**Directions**
Without the images, reproduce each line of the material exactly.

**Data section**
+ + + + + + +

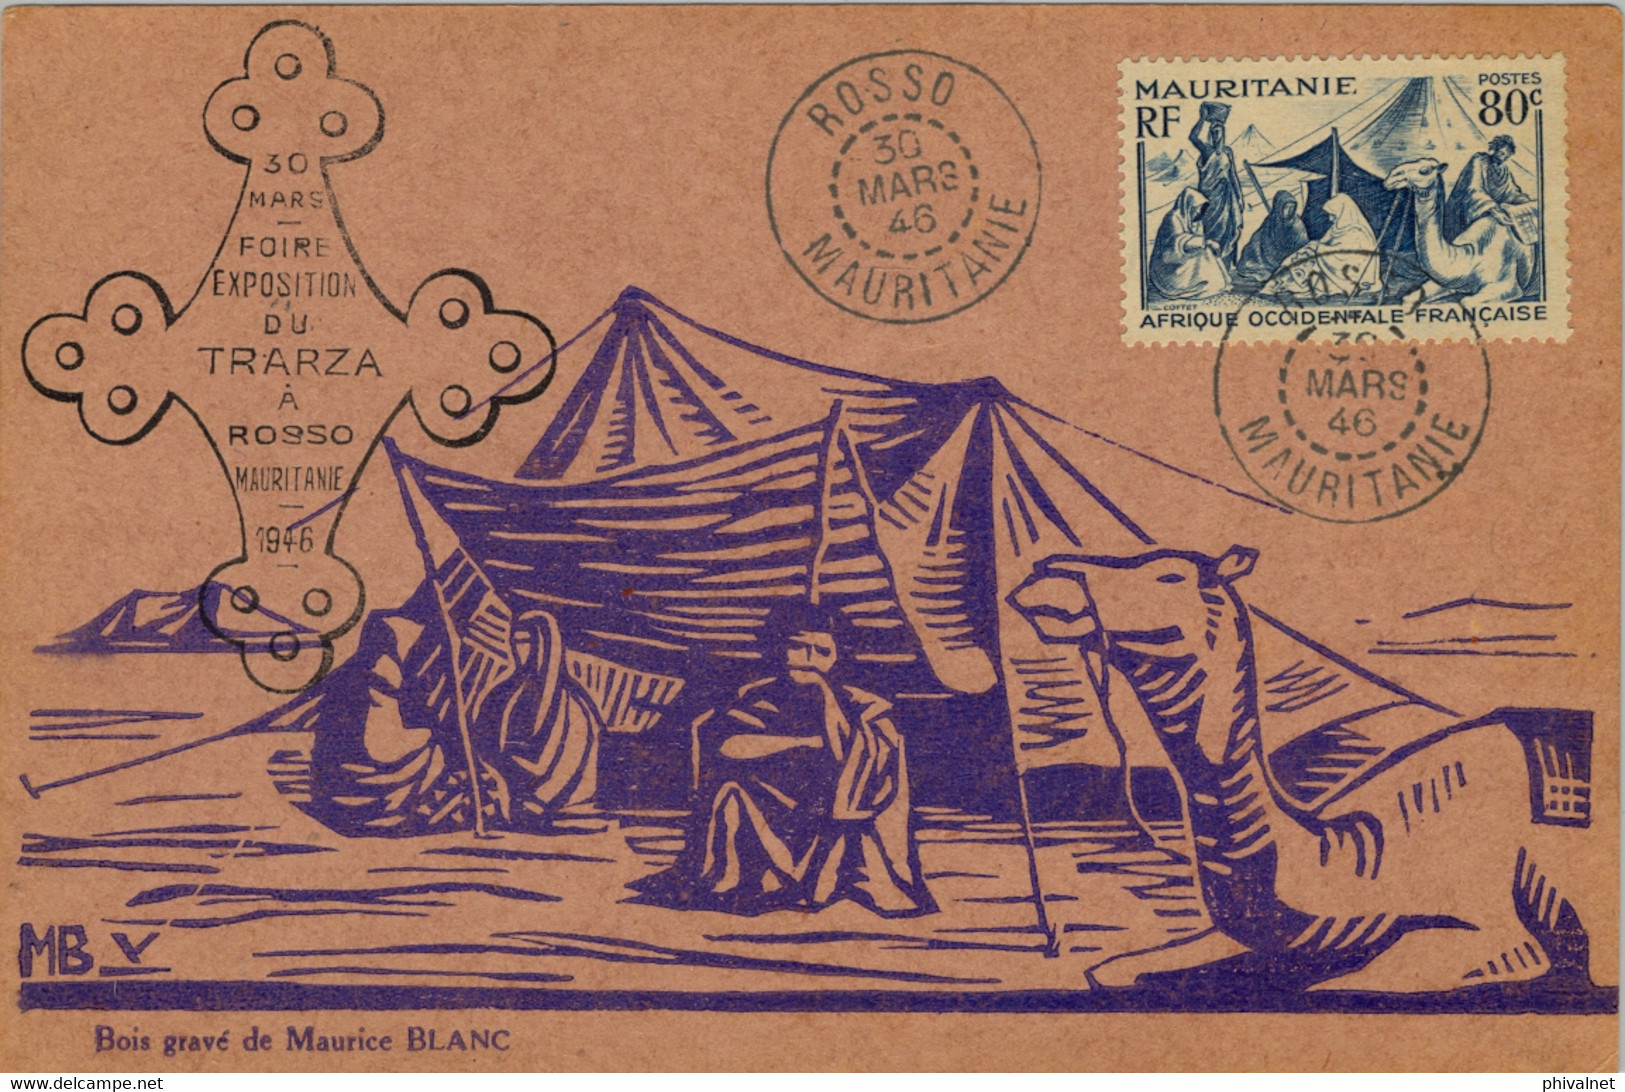 1946 MAURITANIE , FOIRE EXPOSITION DU TRARZA A ROSSO , MAT. DE ROSSO , FRANQUEO 80 CTS. - Cartas & Documentos
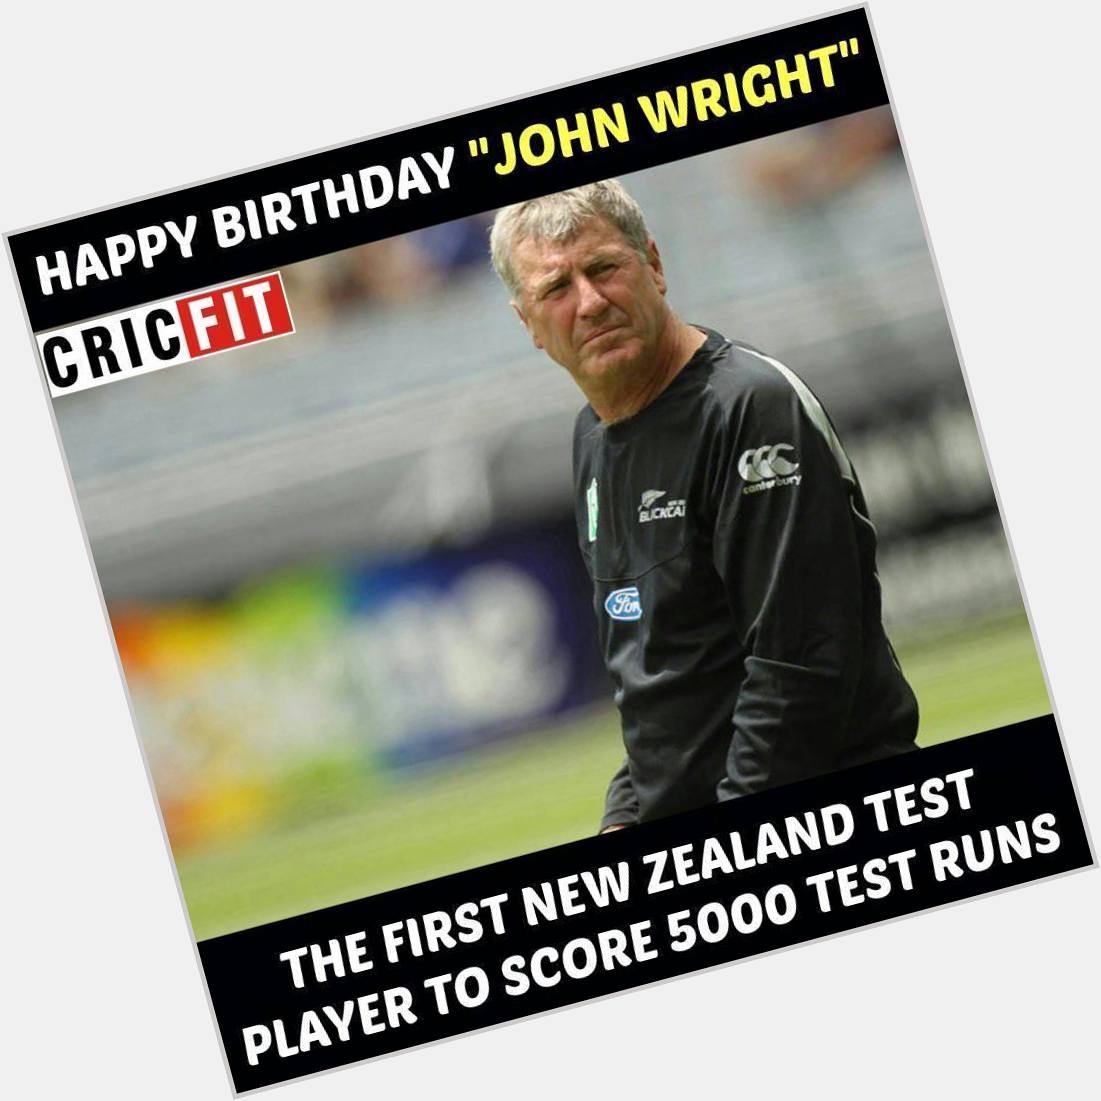 Happy birthday John Wright! 
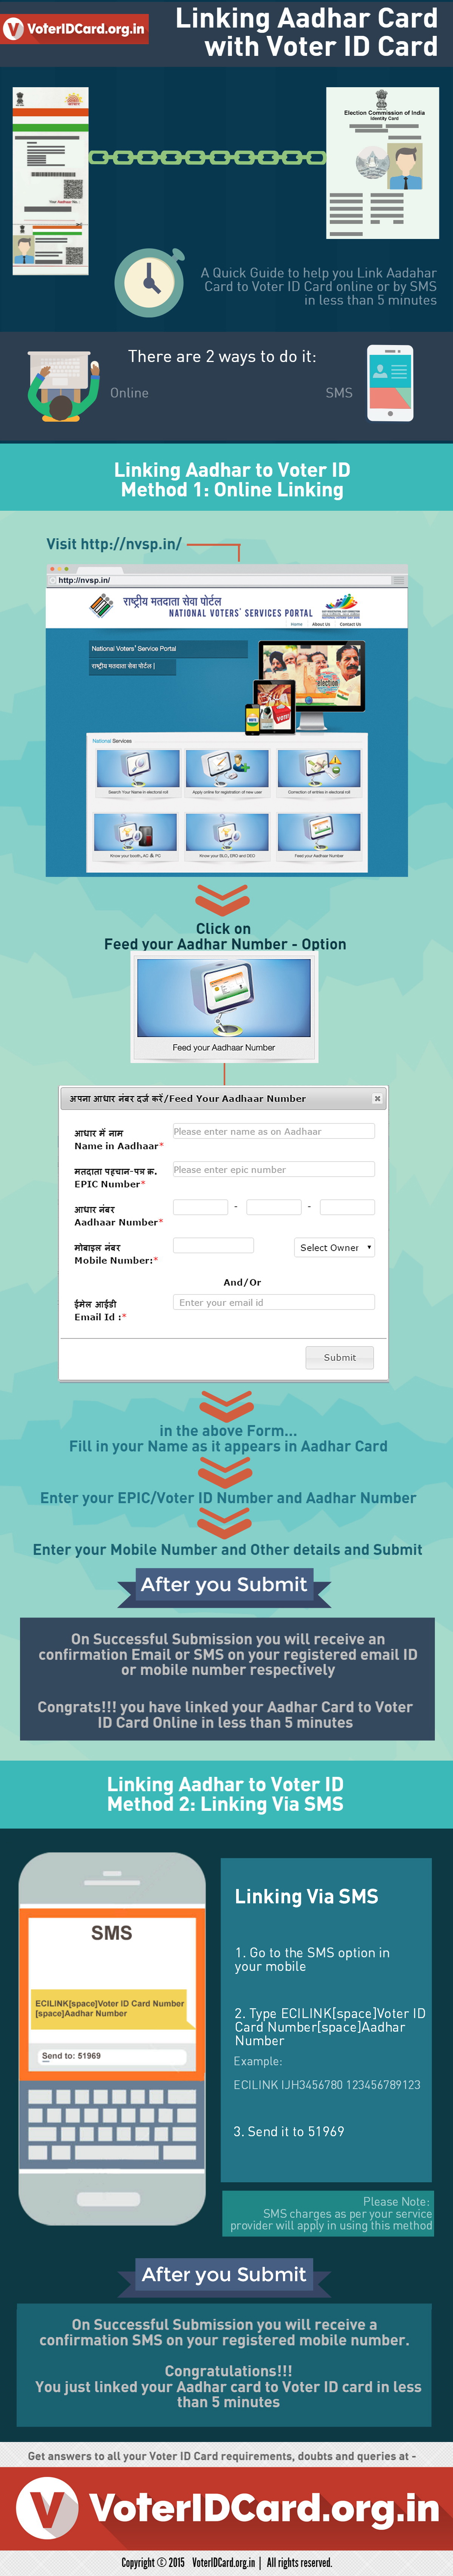 Link Aadhaar Card to VoterIDCard in 5 mins
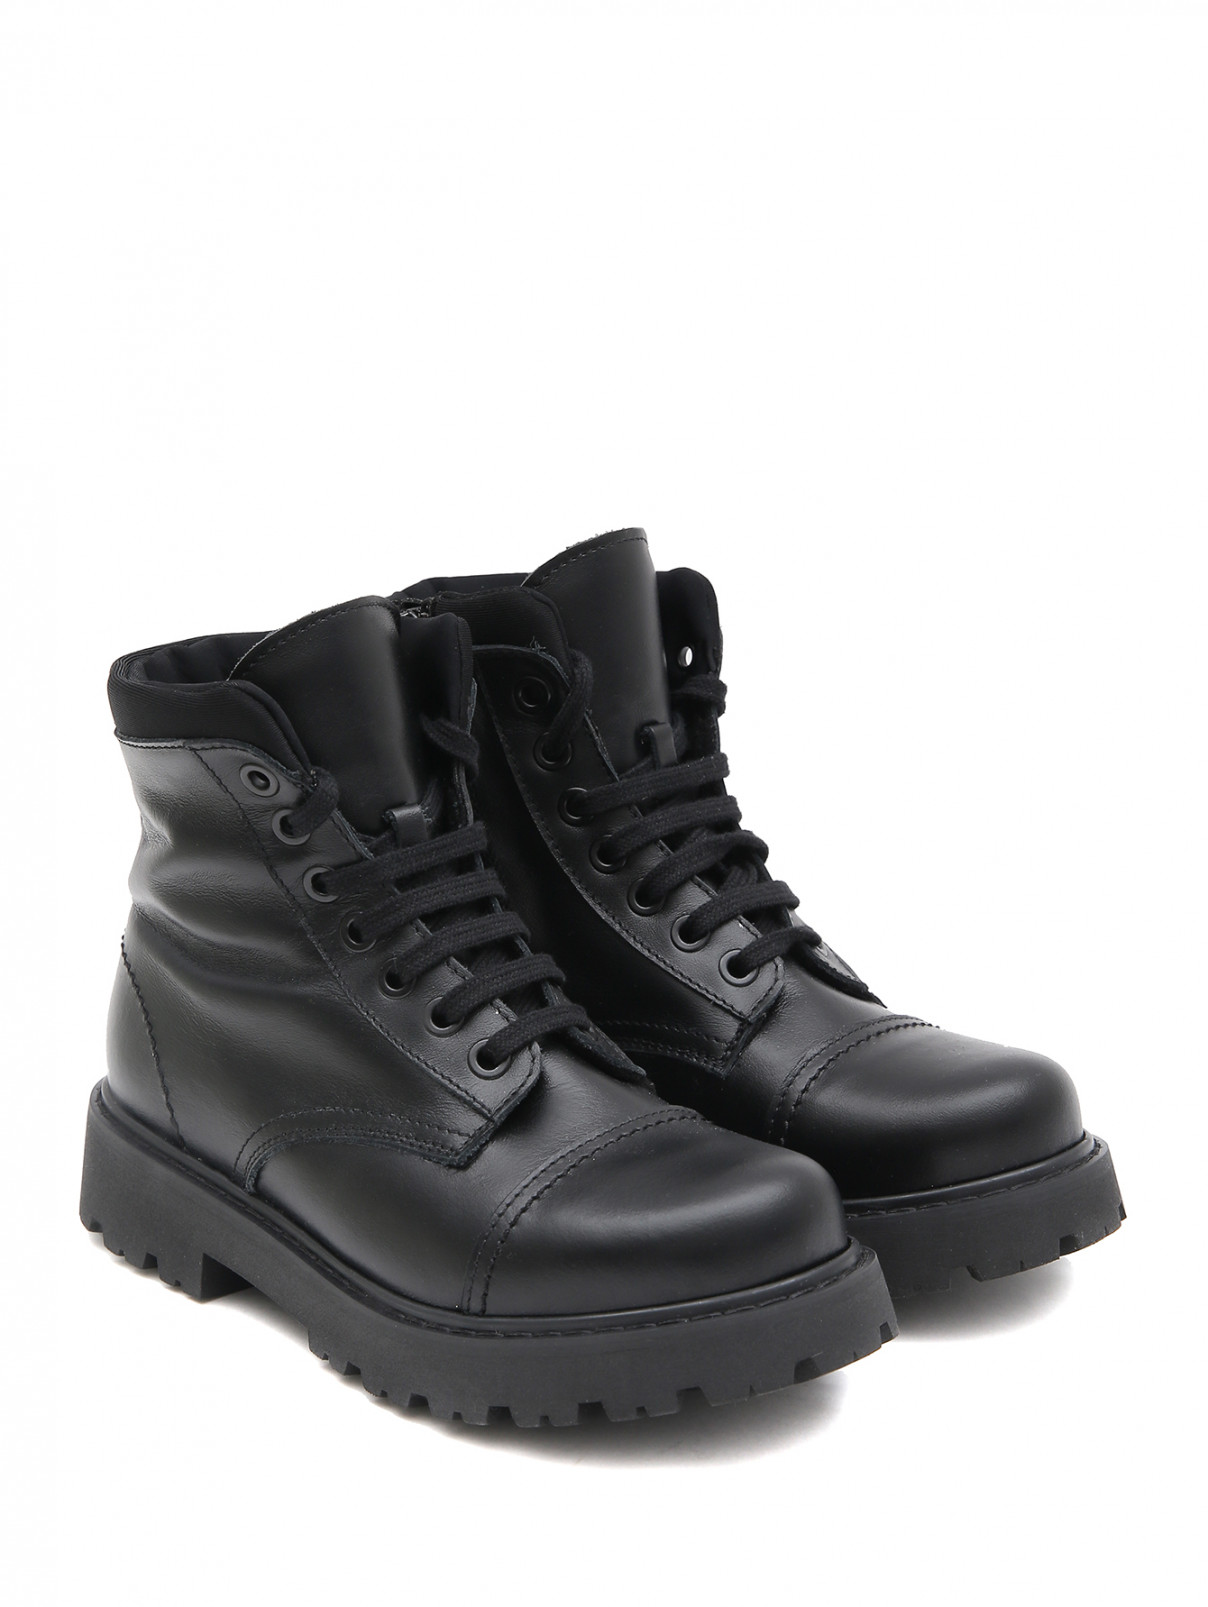 Высокие ботинки на шнуровке MONTELPARE TRADITION  –  Общий вид  – Цвет:  Черный

+ + + + + + +

**Response area**
 1946 MAURITANIE , FOIRE EXPOSITION DU TRARZA A ROSSO , MAT. DE ROSSO , FRANQUEO 80 CTS. - Cartas & Documentos
 Happy birthday John Wright! 
 Link Aadhaar Card to VoterIDCard in 5 mins
 Высокие ботинки на шнуровке MONTELPARE TRADITION  –  Общий вид  – Цвет:  Черный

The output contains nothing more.